The manuscript by Yuan et al. presents a method that uses machine learning to identify NO2 plumes from ships in individual TROPOMI orbits. The main result of the application of the machine learning method is a climatological map of ‘NO2 pixel frequencies’ obtained from one year of TROPOMI NO2 data. The map itself is convincing, and in line with what has previously been observed in satellite NO2 data: the main shipping routes between Europe and Asia can be well-identified, but ship plumes between Asia and North America, and between Europe and North America are much less detectable. The authors claim that this is mostly due to persistent cloud cover over the Atlantic and Pacific Ocean. In MODIS cloud data they have previously detected ship tracks (as bright clouds) right over these oceans. In my opinion, this complementarity of MODIS-derived ship tracks and TROPOMI-derived ship NO2 plumes is a nice idea that has the potential to push ship emissions research from space further in the long run. This manuscript does not do that, but is mostly an AI-effort to find NO2 plumes from ships, and derives a climatology from the result.
For a non-expert like me, I found section 3.1 where the human labelled training of NO2 ship plume detection is explained with useful imagery (Figure 3) quite useful. However, a bit more details about the capabilities and limitations of the method are needed and strengthen the paper, as detailed below. Should this manuscript be published I encourage the authors to make available their results of positive plume identifications in open access, digital format, as electronic asset to this paper.
Major comments
1. The authors show some convincing examples of massive 50-100 km long NO2 plumes. These are easily identified by eye. But the authors should also give some examples of where their method is just at the level of positive detection. How elongated are such plumes in terms of pixels – a one pixel enhancement should never qualify as a plume. What are the NO2 column values, and to what extent are such ‘just positive’ plumes above the background NO2 values?
2. The main metric shown is ‘NO2 pixel frequency’, but it is not entirely clear what this means. Is it the accumulated number of (gridded?) pixels identified by the machine learning from all qa_value-filtered over one year? Would it not be more appropriate to express this frequency as a normalized frequency, to account for differences in the available cloud-free scenes?
3. It does not become clear how the machine learning approach handles plumes originating from land that flow out over sea. If unaccounted for, this leads to frequent misclassifications of plumes over coastal seas.
4. The claim that the methodology of the authors could be used for ‘verification of compliance and effect of emission control policies’ is not substantiated in the manuscript. The study deals with recognizing NO2 plumes in noisy data, which could be a first step in a system that estimates ship NOx emissions. Beyond attributing NO2 plumes to individual or multiple nearby ships, much more is needed in terms of inverse modelling, considering atmospheric chemistry and transport which influence the relationship between NOx emissions and NO2 columns.
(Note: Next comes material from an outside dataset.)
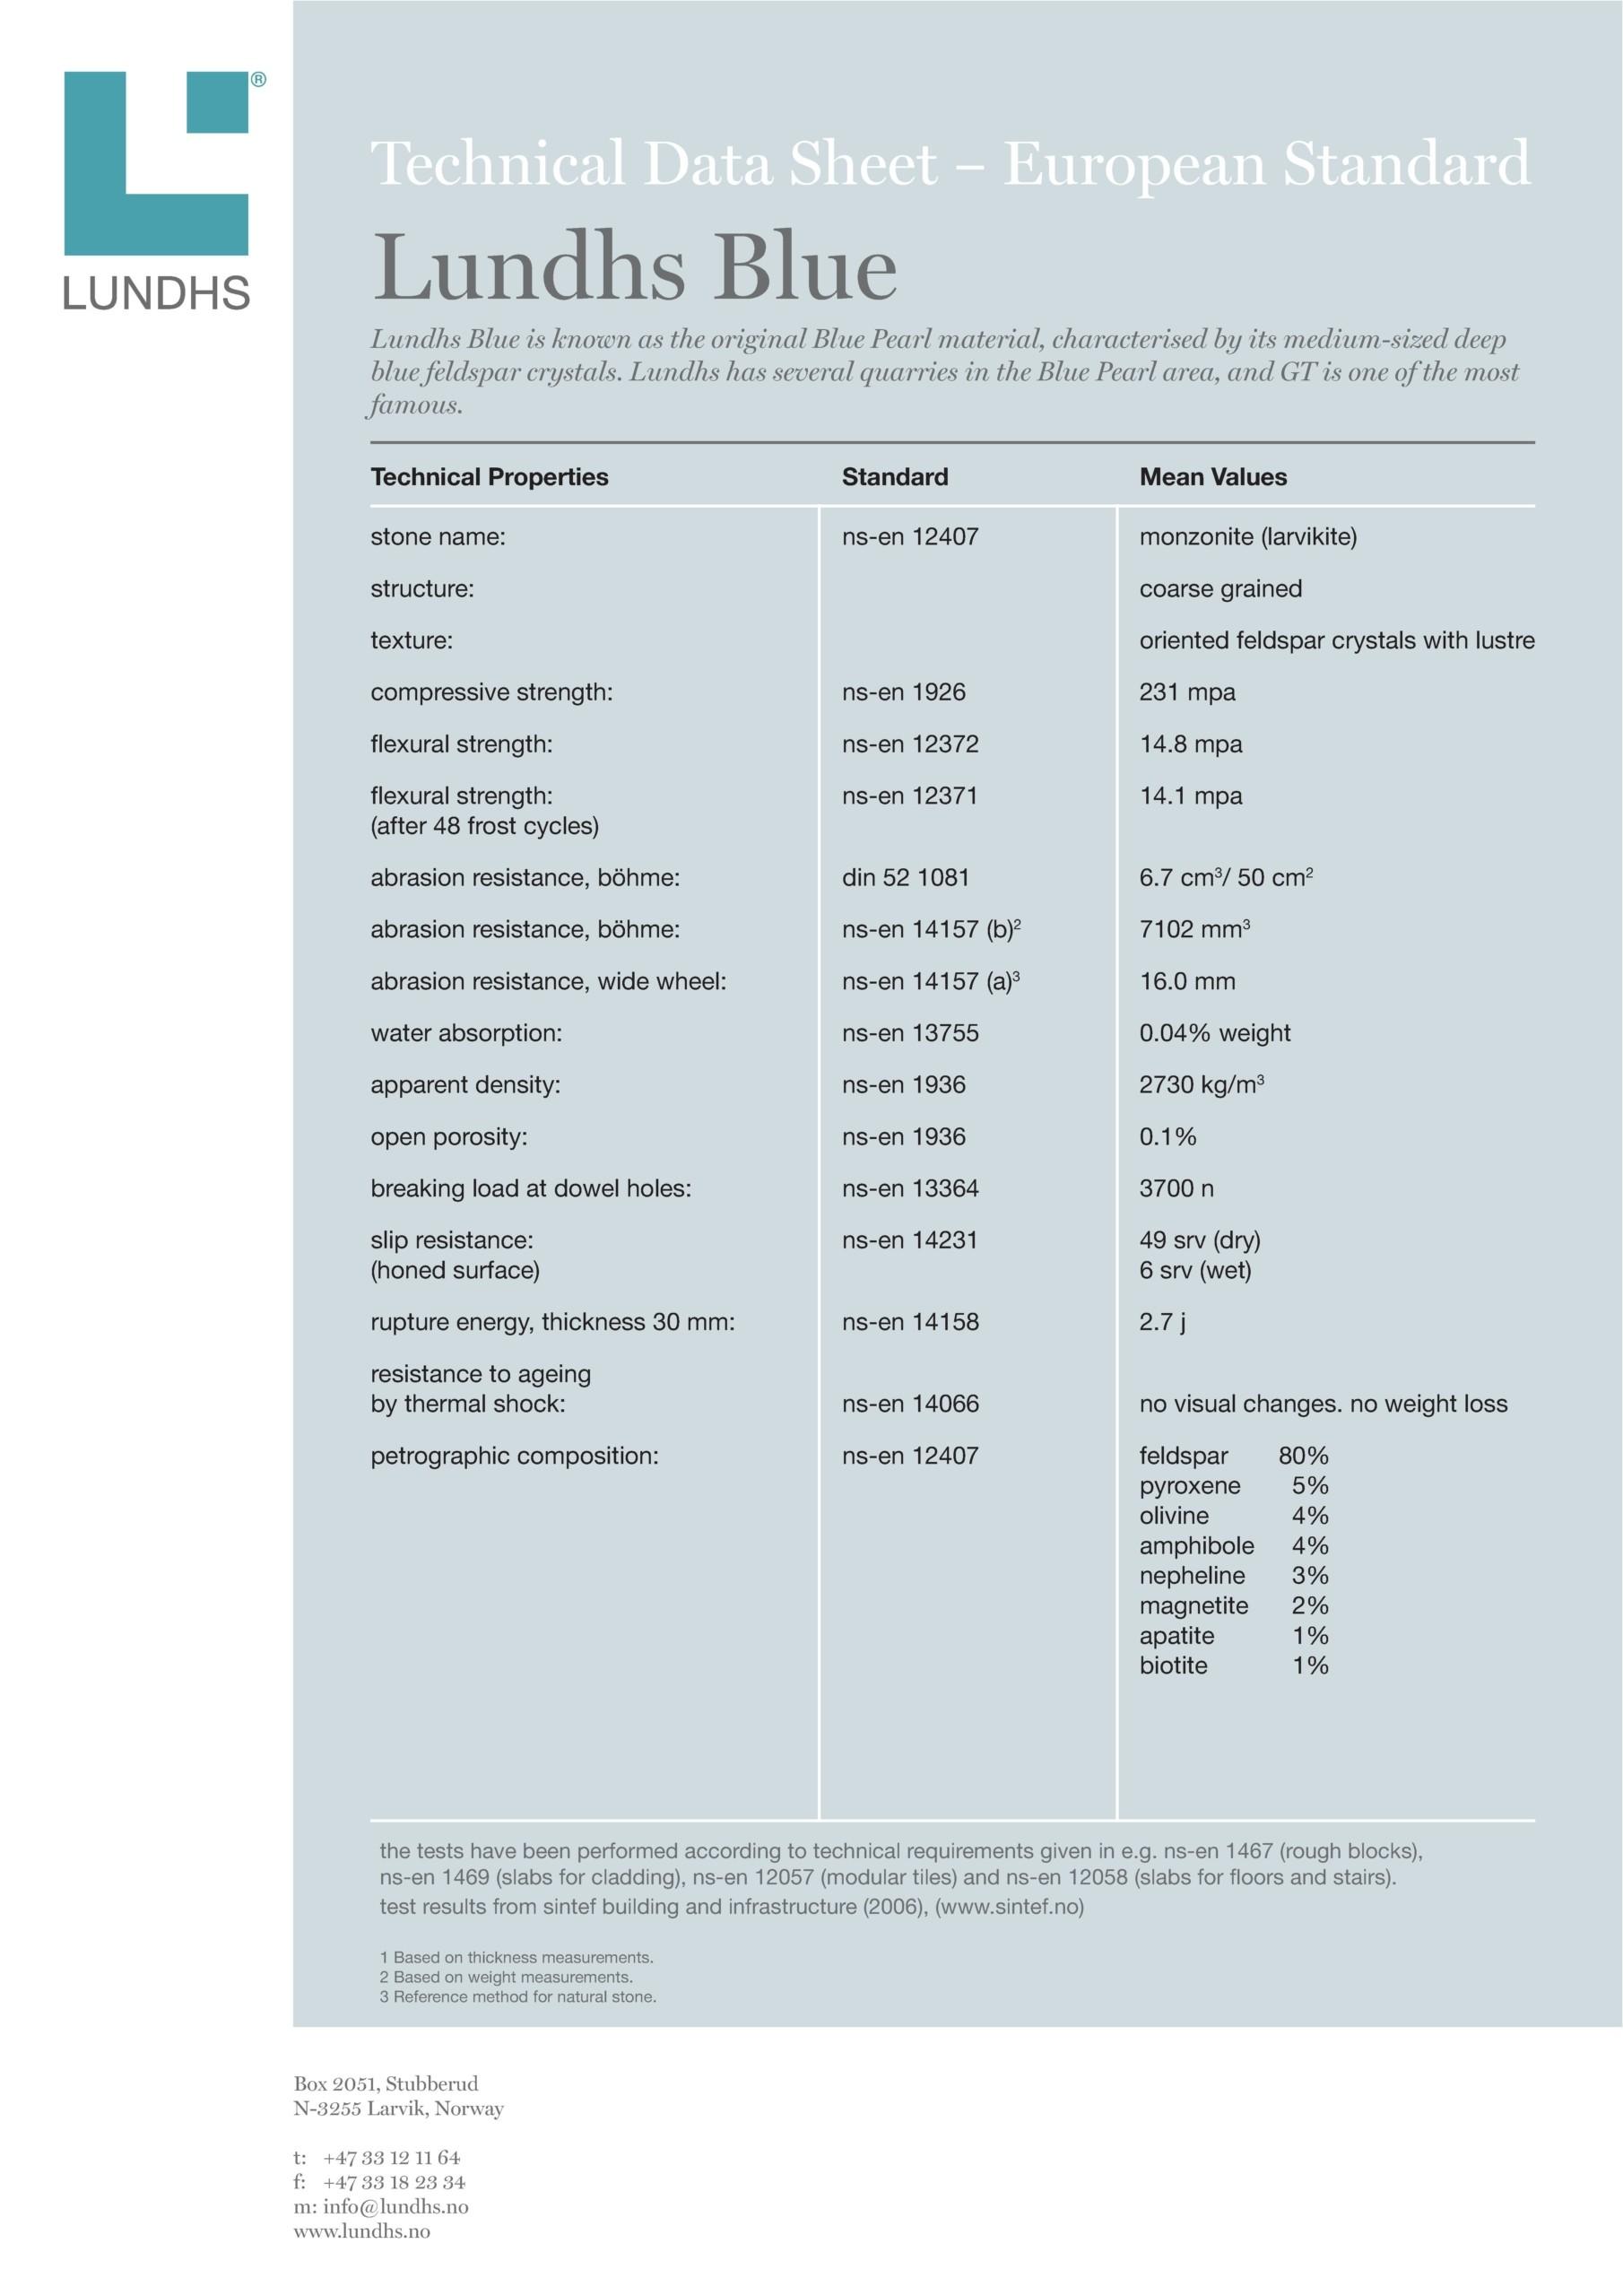 Технический паспорт Lundhs-Blue-Standard

5. That tropospheric NO2 is not well detectable from space for pixels (partially) covered by clouds is obviously not a new finding and has been well-documented since the early 2000s (Martin et al. (2002); Palmer et al. (2001); Boersma et al. (2004)-papers). In lines 222-223 the impression should be avoided that this is a new result from this manuscript. Furthermore, there are new insights that in situations of sun-glint, screened out by the authors now given their qa_value threshold, the NO2 retrieval is performing better (Riess et al., 2022). Including these scenes rather than excluding them could improve the performance of the Machine Learning model.
6. The authors have chosen to use version 1.2.2 of the official TROPOMI NO2 data product. This is a pity since there have been a few important retrieval improvements and reprocessing efforts since then. These have been discussed in van Geffen et al. (2022) and Riess et al. (2022), and especially the more accurate FRESCO+ cloud heights from version 1.3 onwards are important for the author’s purpose. In version 1.2 the too low cloud heights led to a substantial low bias in the TROPOMI NO2 columns. This low bias has been partly resolved in the later versions, and results in better detectability of ship NO2 plumes. I think it would be a sorely missed opportunity to not apply the method on version 1.4 or later.
7. The most pressing concern I have with the study is the lack of uncertainty analysis and the lack of validation. Although the (climatological) results presented appear plausible, a success metric is missing – what fraction of the ‘NO2 pixel frequency’ could have been misclassified? Besides retrieval uncertainties, also one/two-pixel size plumes, mis-training or mislabeling by the human, and the influence of plumes from land likely play a role. The authors should do more to address this issue, for example by comparing their (relative) frequencies to the locations of actual ships as stored in AIS-data or inventories on ship emissions,
Some relevant literature is not cited or discussed:
Kurchaba, S., van Vliet, J., Verbeek, F. J., Meulman, J. J., & Veenman, C. J. (2022). Supervised segmentation of NO2 plumes from individual ships using TROPOMI satellite data. Remote Sensing, 14(22), 5809.
Kurchaba, S., van Vliet, J., Verbeek, F. J., & Veenman, C. J. (2023). Anomalous NO2 emitting ship detection with TROPOMI satellite data and machine learning. Remote Sensing of Environment, 297, 113761.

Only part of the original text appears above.